Mars lander: NASA's Mars InSight lander became the first spacecraft to successfully land on Mars since 2012 when it touched down on Nov. 27. It's mission: to drill deep into Mars' interior and explore how the planet formed.
5. What we're reading elsewhere
The insect apocalypse: Brooke Jarvis writes for the New York Times Magazine about the global decline in insects and what it might mean for human culture, natural systems and survival.
Open water: The Inuit are seeking more control over a vast opening in the sea ice between Greenland and Canada’s Ellesmere Island that typically forms each year, writes Julia Rosen for Hakai Magazine.
Moon landers: NASA is partnering with 9 companies to send small robotic landers to the moon, the agency announced today. The landers are "a first phase in a multiyear plan to put humans on the lunar surface again," reports Loren Grush for The Verge.
6. Something wondrous

A baby blue whale nursing captured off the South Coast of Sri Lanka in 2015. Photo: Patrick Dykstra/Barcroft Images/Barcroft Media via Getty Images
Blue whales are changing their tune, according to a new study published in the Journal of Geophysical Research: Oceans.
Why it matters: The global decline in the pitch of whale songs has been a mystery, with chief suspects being the increase in ocean noise from shipping, submarines and underwater resource exploration. The new study, however, suggests other factors may be behind the trend.
Details: The researchers found that a seasonal variation to Antarctic blue whales' pitch correlates with breaking sea ice in the southern Indian Ocean, suggesting that seasonally they're laboring to make their voices heard above the crackling and grinding sounds of breaking ice.
- Only male blue whales sing, and their hums can be about as loud as large ships.
- A single blue whale's sounds can travel for 600 miles underwater, enabling whales to communicate with one another across long distances.
What they did: The paper analyzed more than 1 million songs from three species of large baleen whales: fin, Antarctic blue and three acoustically distinct populations of pygmy blue whales.
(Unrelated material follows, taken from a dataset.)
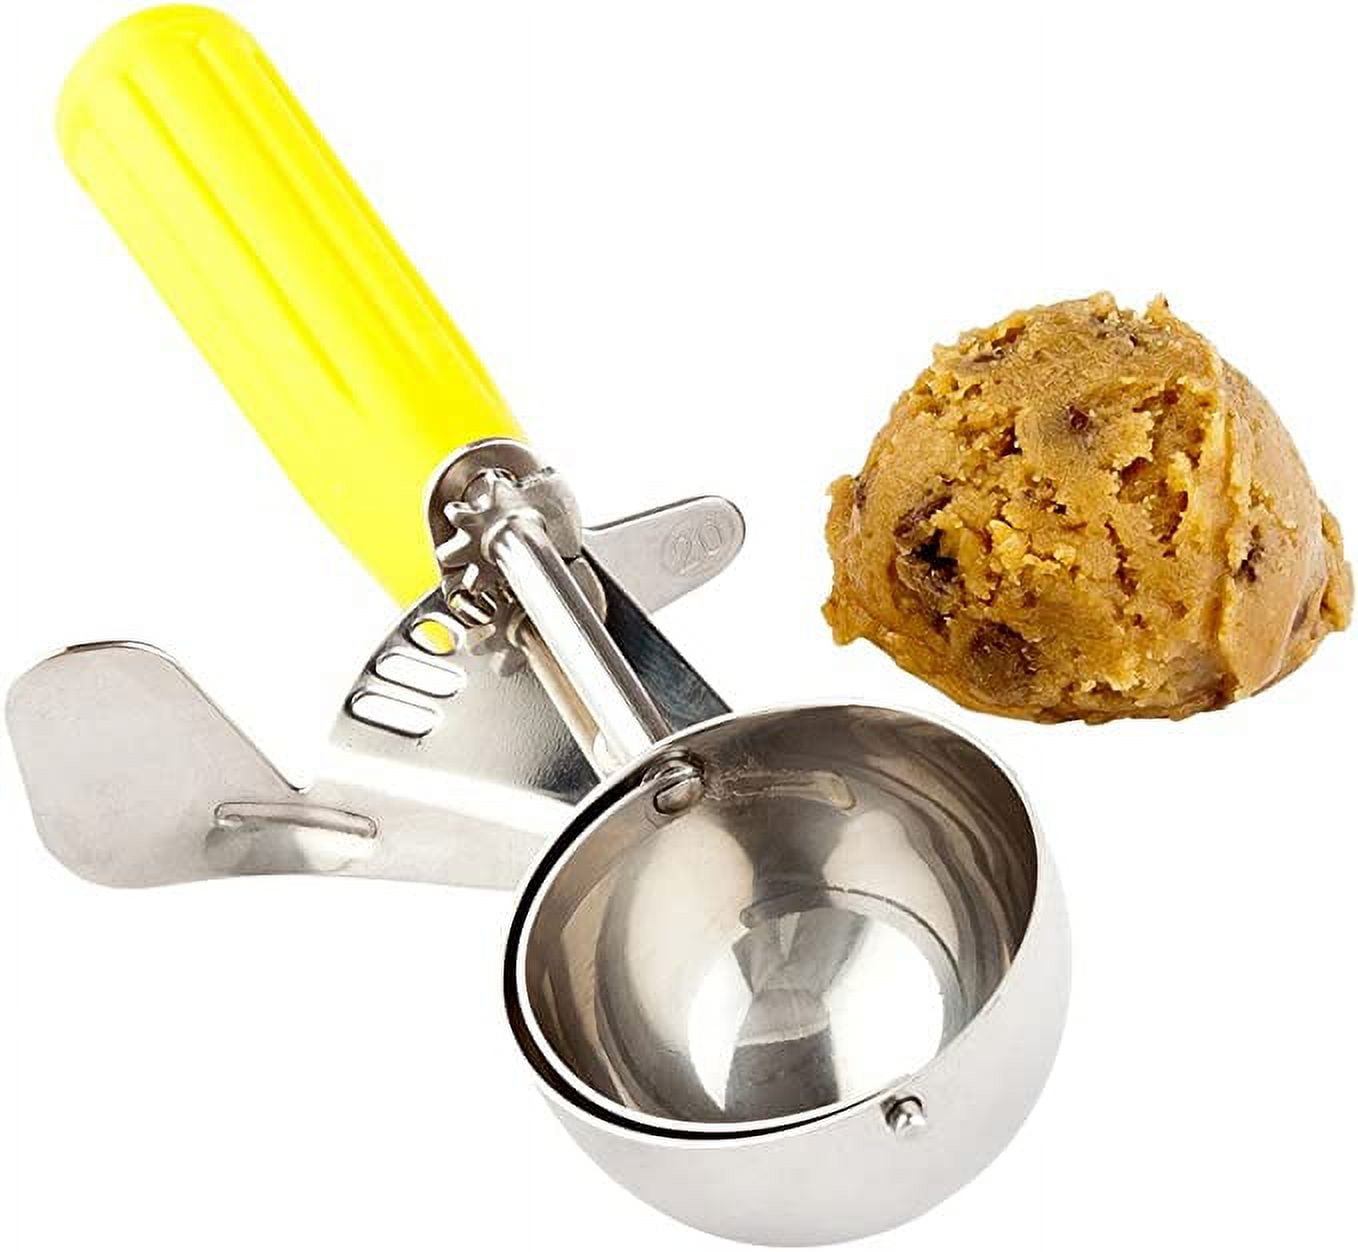  Portion Scoop - #20 (1.52 oz) - Disher Scoop, Cookie
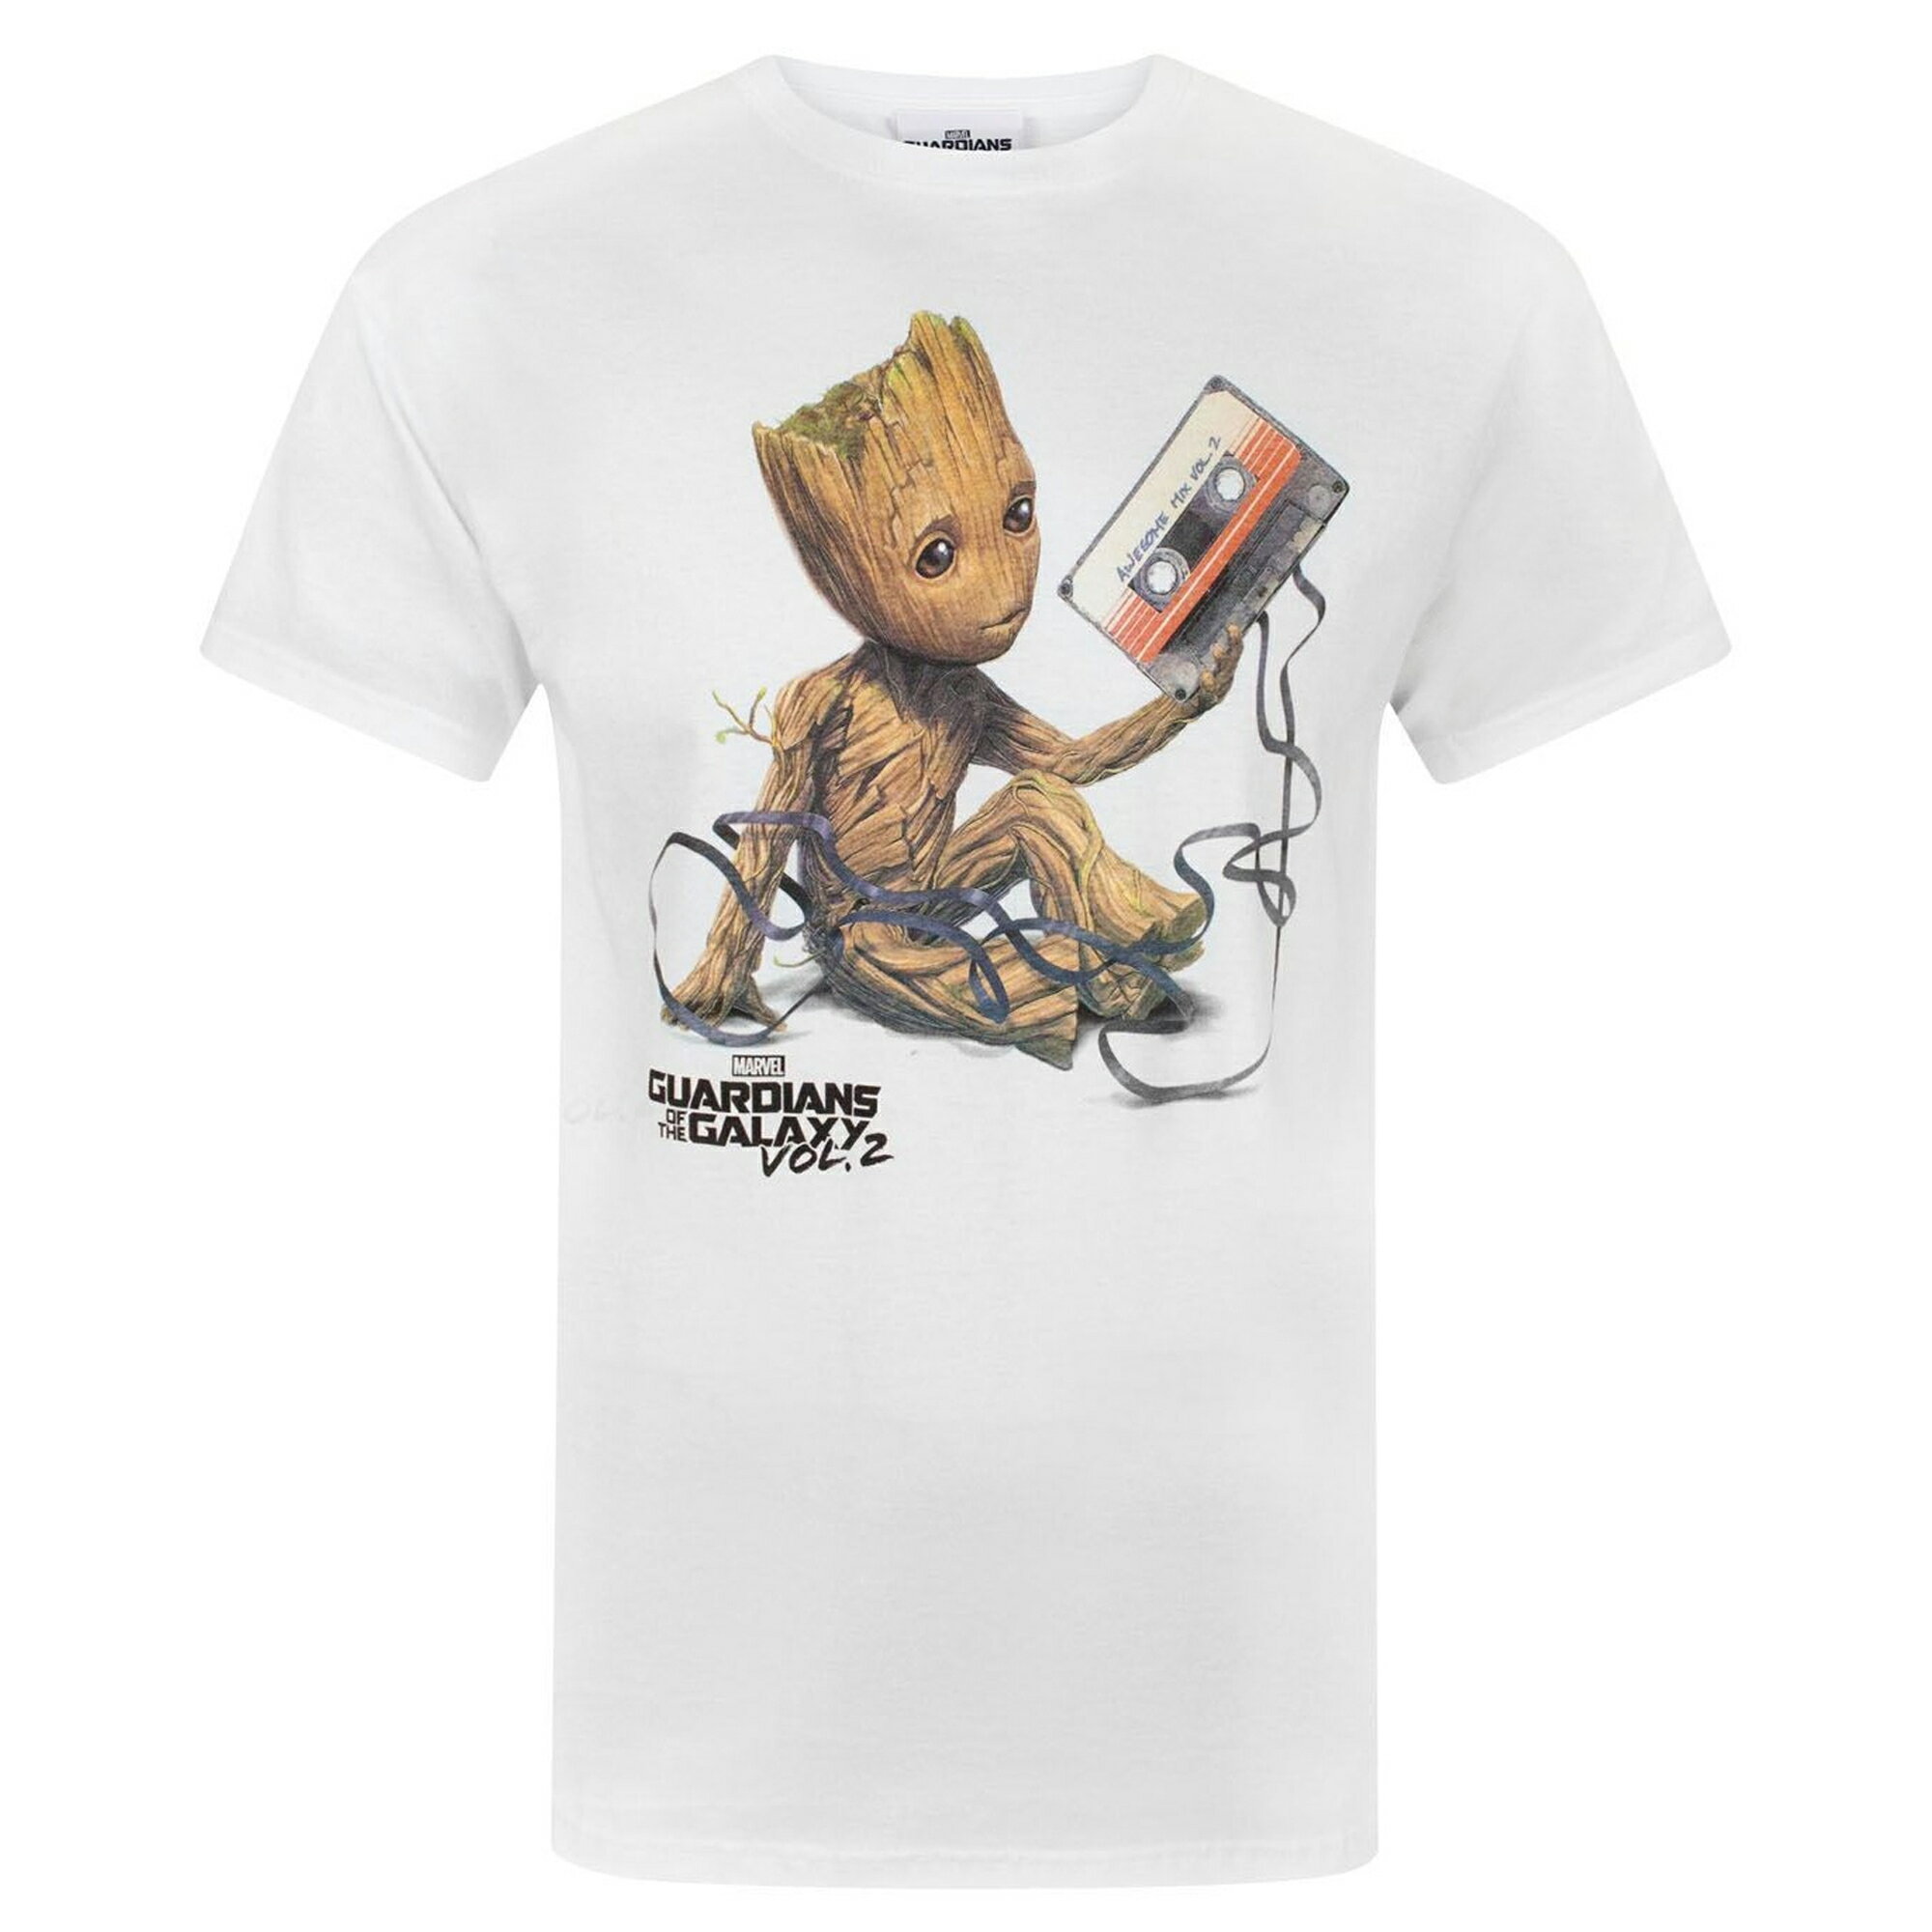 (ガーディアンズ・オブ・ギャラクシー) Guardians Of The Galaxy オフィシャル商品 メンズ Vol 2 グルート テープ Tシャツ 半袖 カットソー トップス

- Six stationary underwater microphones recorded the calls over 6 years, from 2010 to 2015, in the southern Indian Ocean, an area spanning 3.5 million square miles.
- The study's authors analyzed the pitch of selected elements of each species’ song.
What they found: Between 2002 and 2015, the pitch of blue whales' calls had fallen by "about a whole tone or major second interval in Western music tradition," the press release states.
This trend is intriguing, but has not yet had major consequences.
- The fact that the pitch drop was observed in the southern Indian Ocean, where ship noise has decreased in recent years, suggests an uptick in global ocean noise is not the cause of the downward trend in whale pitches.
- Instead, increasing blue whale populations could be resulting in a natural shift in volume, since whales may not need to sing as loudly to reach another whale.
“They can decrease their call intensity to keep in touch, because there are more whales," Emmanuelle Leroy, lead author of the new study and a research fellow at the University of New South Wales in Australia, said in a press release. "These calls are long distance communication.”
Thanks so much for reading! See you next Thursday.